The Passion of the mother!

No one who saw mother! will be shocked to learn that CinemaScore, which measures audience reactions, awarded the movie an “F.” It’s a tough watch, one that includes Buñuelian surrealism, two hours of abuse heaped upon star Jennifer Lawrence, and a ghastly sequence involving a newborn baby. Nobody exits the theater with a warm sense of reassurance.

But Christians might leave mother! feeling particularly uneasy. The movie’s plot promises a domestic drama—a young wife (Lawrence, billed as “Mother”) restores the house of her older poet husband (Javier Bardem, billed as “Him”) while dealing with increasingly unwelcome visitors—but what unfolds is a horror film rife with biblical allusions.

Writer-director Darren Aronofsky (Noah) shapes his story by borrowing from the Bible—all of it, from Genesis to Revelation. With his booming baritone and expansive smile, Bardem represents God, while nearly every other character can be mapped to someone from Scripture, including Adam and Eve, Cain and Abel, Jesus, and the archangel Michael.

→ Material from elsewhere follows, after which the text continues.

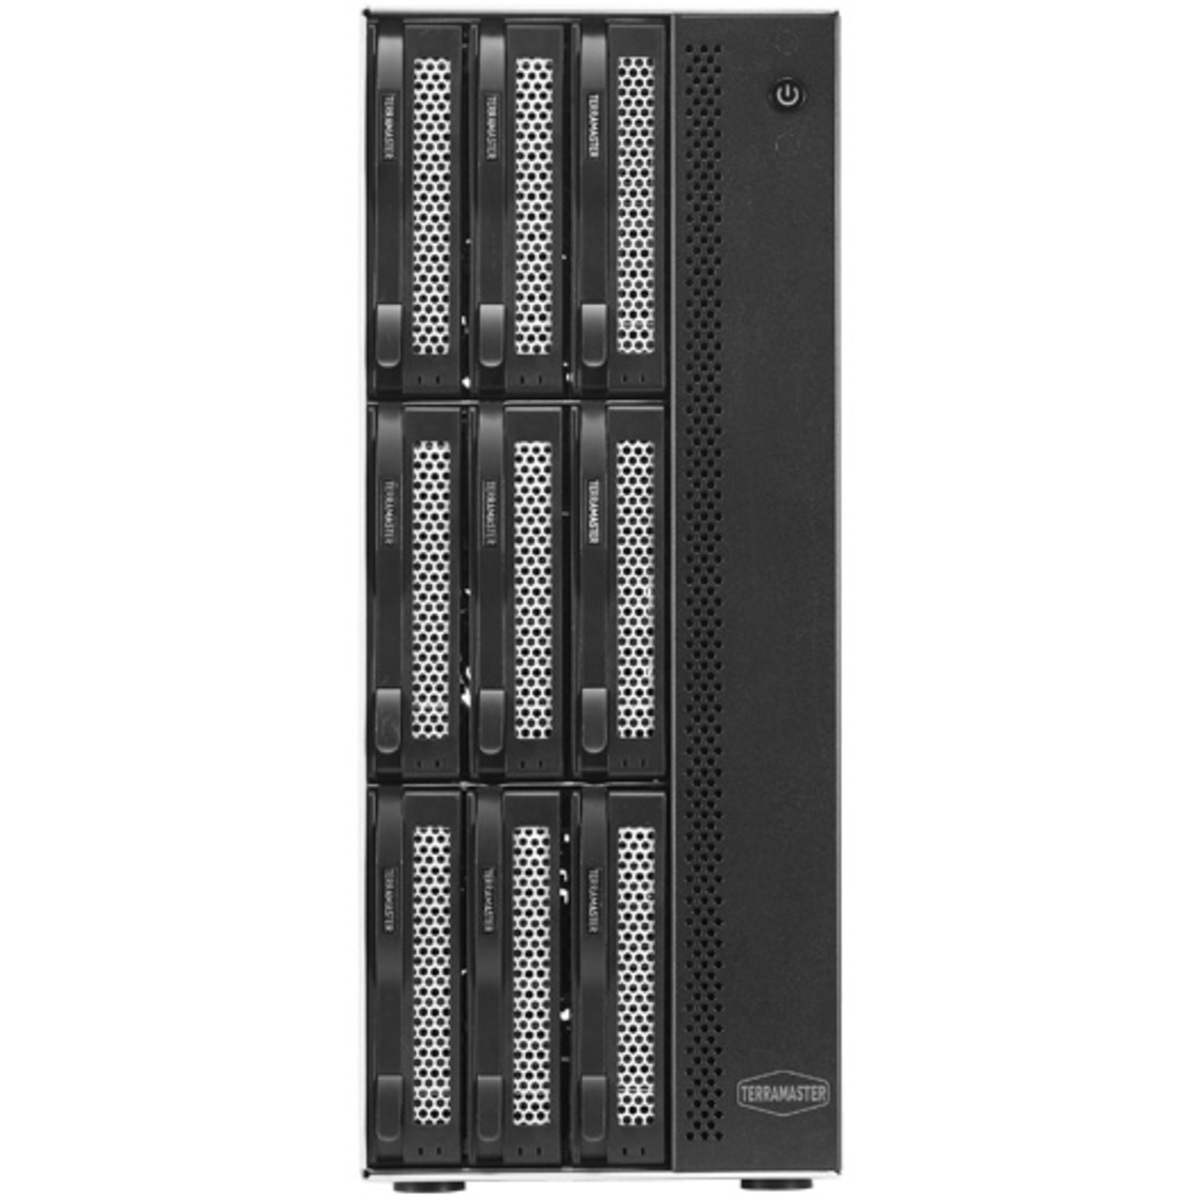 TerraMaster T9-423 132tb 9-Bay Desktop Multimedia / Power User / Business NAS - Network Attached Storage Device 6x22tb Seagate EXOS X22 ST22000NM001E 3.5 7200rpm SATA 6Gb/s HDD ENTERPRISE Class Drives Installed - Burn-In Tested T9-423

They all fit, save one—the titular Mother! She may, at times, recall Mary or the Holy Spirit, but Mother’s organic relationship to the house (suggested with dissolves from Lawrence touching a wall to an undefined circulatory system) and her passionate defense of her environment points to another religious figure: Gaia, or Mother Nature. As a mishmash of biblical references and feminine environmentalism, mother! offers a corrective for some aspects of contemporary Christianity, even as it ultimately misunderstands the God we know from the Bible.

If you only listened to the loudest voices representing Christianity today, you’d be forgiven for assuming that the faith was less than friendly toward both women and nature. Regarding the environment, it seems that some Christians have taken their lead from English philosopher John Locke, whose interpretation of the cultural mandate emphasized dominion over stewardship. One example? Climate change continues to be of less concern to evangelicals than to others. Meanwhile, literal readings of biblical passages dealing with ancient patriarchy or decontextualized understandings of Paul’s epistles have both devalued the role of women in the church. How can we be surprised, then, that people think Christians believe in a violent, masculine God, especially when some of us testify that he condones nuclear attacks or expresses satisfaction with the torture of his son?

mother! reflects this attitude in the mistreatment of Lawrence’s character, who appears in nearly every shot. Sometimes she seems at peace, as when working to restore her husband’s house or when she’s adoring and being loved by Him. Most of the time, however, she’s attacked by those Him allows into their home.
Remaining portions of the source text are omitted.